Travels in South America

Travels in South America

Karen and I met on a blind date, and we are still together.  Immediately we began to travel.  An extensive road trip to the Darien Gap in Panamá introduced us to Guatemala.  Subsequently, we stored our belongings in New Orleans and moved to Quetzaltenango in the Maya highlands.  We were there about a year.  Our stay changed us forever.

At times travelers would stay at our house and share with us their experiences.  Excited by these anecdotes, from Guatemala we returned to Louisiana and prepared to leave the United States.  We liquidated all our property and closed all our accounts.  We bought two backpacks and placed inside them the little that we would carry.  We did not know how long we would be gone, or even if we would come back at all.  Come back where?   We just walked away from our past to seek the new.

A friend drove us to the east side of New Orleans and we stepped out beside the Interstate to Miami and stuck out our thumbs.  Good fortune found us a non-stop ride in the camper of a pickup with three fishermen pulling a boat to the Florida Keys.  They dropped us and our backpacks out on a corner.  We attracted two curious University of Miami students who invited us to a party and a place to sleep, with a promise to have us at the airport the next morning, and we did all that.  The jet left Miami bound for Barranquilla, Colombia.  We had no return tickets, and nowhere to go but everywhere.  Karen was eight years younger than me.  I was 28 years old.

We had been on the road for several months before we heard from the United States.  We received our mail at the American Express office in the various countries we passed though.  For cash we used my American Express Gold card to buy traveler’s checks.  The only other way at that time was to have money wired to a bank.

Colombia was where one’s heart would pound from the uncertainty, the violence, the corrupt police, and the drug war prosecuted by the American CIA.  We stayed only about a month before moving south along the Gringo Trail.

Ecuador

From the Señorita with the hens, we found a loft to rent in Ibarra, Ecuador.  It provided us a home for about six months.  We used the casita as a basecamp from which to explore the country.  Ecuador and Guatemala are very similar, and both remain two of our favorite countries.

We traveled around the country by any means available, but never by air.

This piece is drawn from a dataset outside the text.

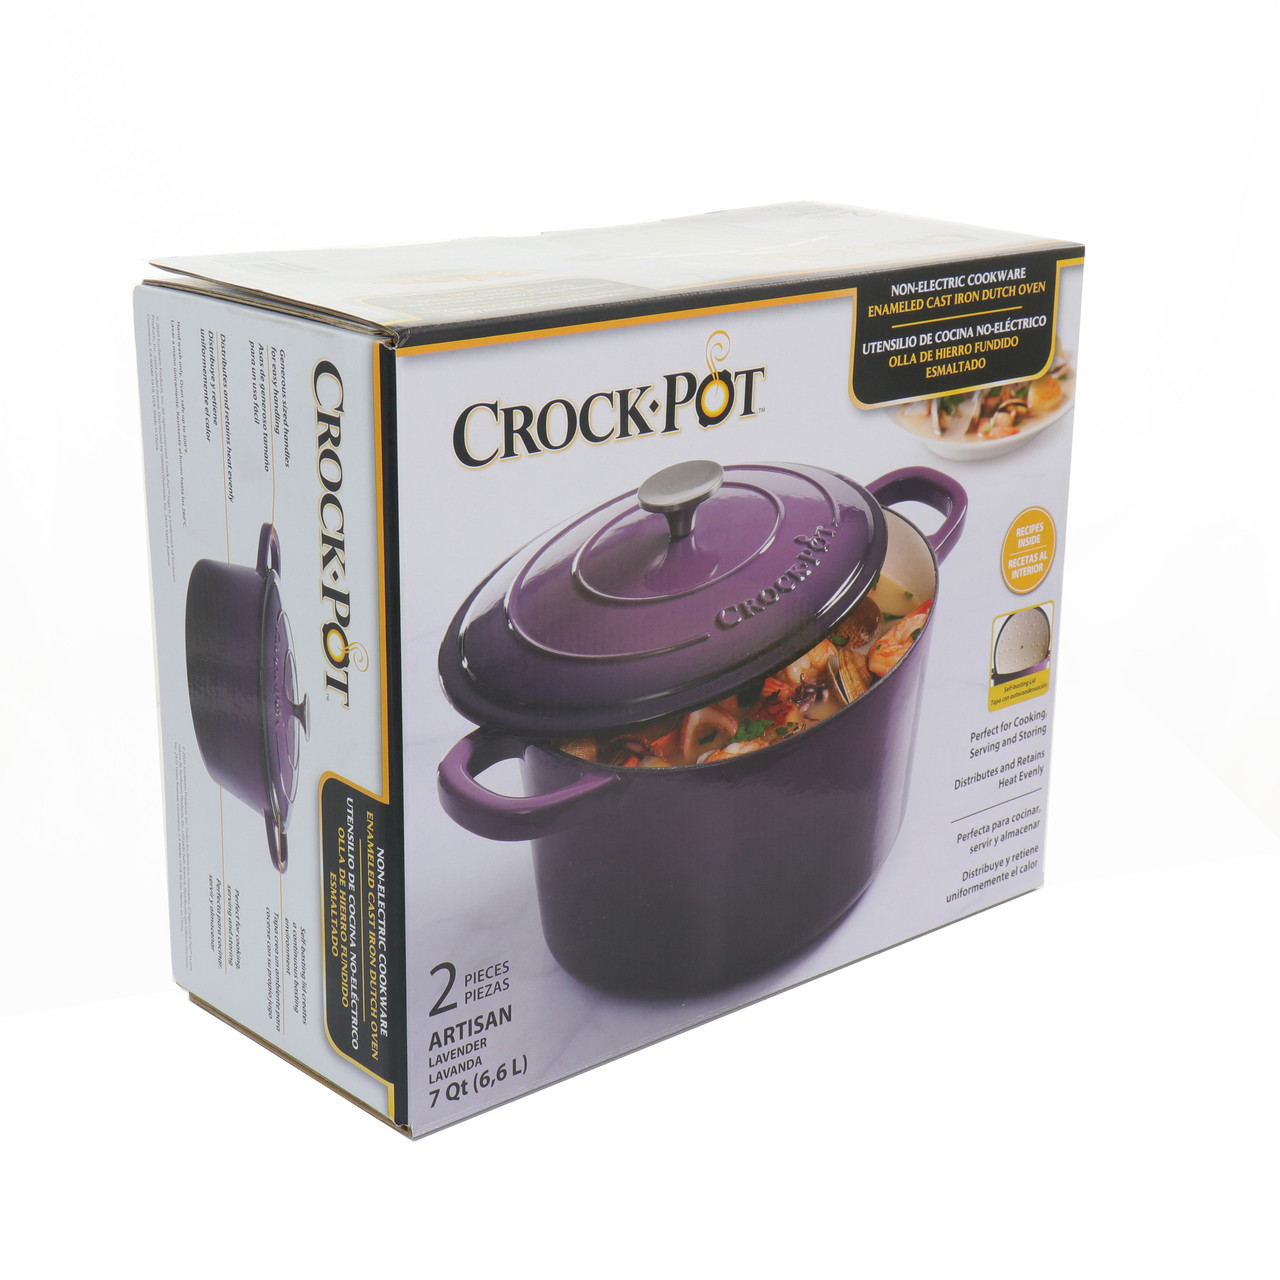 Crock-Pot Crock Pot Artisan 7 Quart Round Cast Iron Dutch Oven in

Adiós Ecuador, Vamos al Perú

From our Ecuadorian casita, we bused to Quito, from there to Huaquillas, the main border crossing from Ecuador into El Perú.  There we took advantage of a favorable exchange rate to convert traveler’s checks into Peruvian soles on the black market.  Knowing that the thieves in El Perú would be awaiting us, we sidetracked to Loja.  The next day we continued to Macará, a discreet border settlement on the river that bears the name of the village.  That evening we paid a truck driver to carry us across the border to Sullana, a desert oasis in northern El Perú.

We bumped through the night, arriving Sullana at dawn, when we found an alojamiento and slept.  That evening we caught a bus that carried us along the Pacific coast to Chimbote, a fishing town with a cannery, where we found another alojamiento and rested.  The next morning, still weary from six days overland travel, we bought a bus ticket to our destination.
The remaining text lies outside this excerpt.